Hi, I’m Victor. I’m a final-year PhD student working with Daniel Sanchez at MIT CSAIL. My primary work is in the Swarm project, which seeks to build new abstractions between hardware and software that make it as easy to exploit multicore parallelism as it is to write ordinary sequential programs. I build compilers and architecture simulators to explore how to make parallel computation efficient by targeting communication costs and effectively utilizing highly parallel hardware. I write a lot of C++, and frequently look at profiling and (dis)assembly while automating the process of software performance optimization.
I am seeking a full-time industry job in 2023.
Before coming to MIT, I received my BSE in electrical engineering from Princeton, where I worked with Sharad Malik on Boolean satisfiability solvers. I have also done internships working on optimizing the performance of hardware and software systems at MSR, NVIDIA Research, Pure Storage, and NIST.
You can access my curriculum vitae here.
See CV above for all publications
The Unified GraphIt Compiler framework (UGC) compiles a domain-specific language for graph processing to novel architecturs such as Swarm. The compiler is able to reuse code across architectures and can automatically unlock more parallelism than prior approaches by using Swarm’s speculative execution to avoid synchronization overheads.
Compiling ordinary sequential C and C++ programs to run in parallel on Swarm. Challenging applications are scaled to tens of cores, without requiring the programmer to indicate what code is safe to parallelize.
An infrastructure for exploring the design space of deep neural network (DNN) accelerators, including an expressive and concise representation of hardware topologies and choices about dataflow orchestration, as well as efficient modeling of performance and energy that enables exploring trade-offs by searching through large spaces of potential accelerator designs.

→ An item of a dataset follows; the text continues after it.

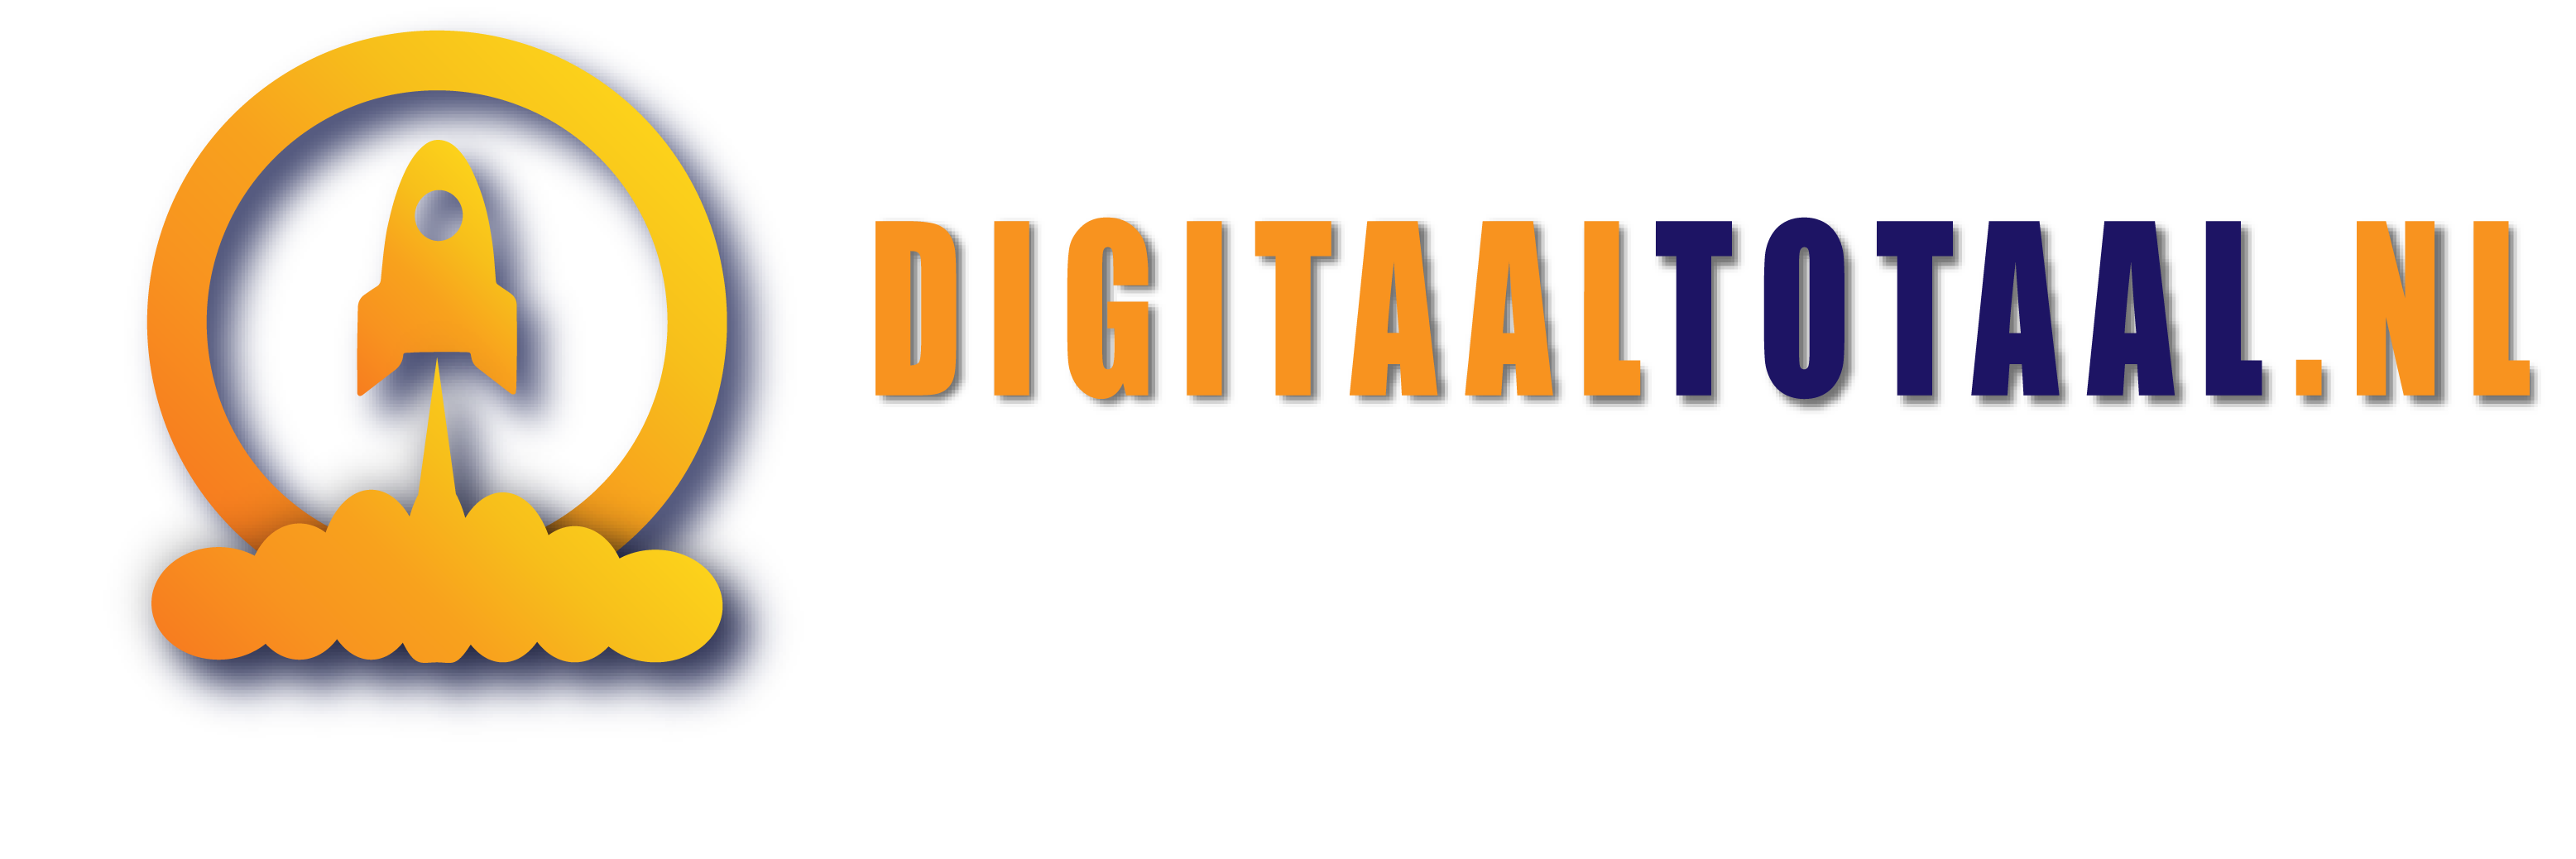 DigitaalTotaal.nl

Extending Swarm’s hardware and software mechanisms to enable speculative and non-speculative tasks to coordinate on shared data structures, to enable unrestricted tasks, and to allow expert programmers to safely implement efficient and scalable system services, such as memory allocation, within speculative tasks, improving performance by up to 69×.
A new execution model that enhances the Swarm hardware architecture, a general-purpose multicore architecture that makes it easy to exploit more parallelism in many applications. Outperforms prior systems by up to 88×.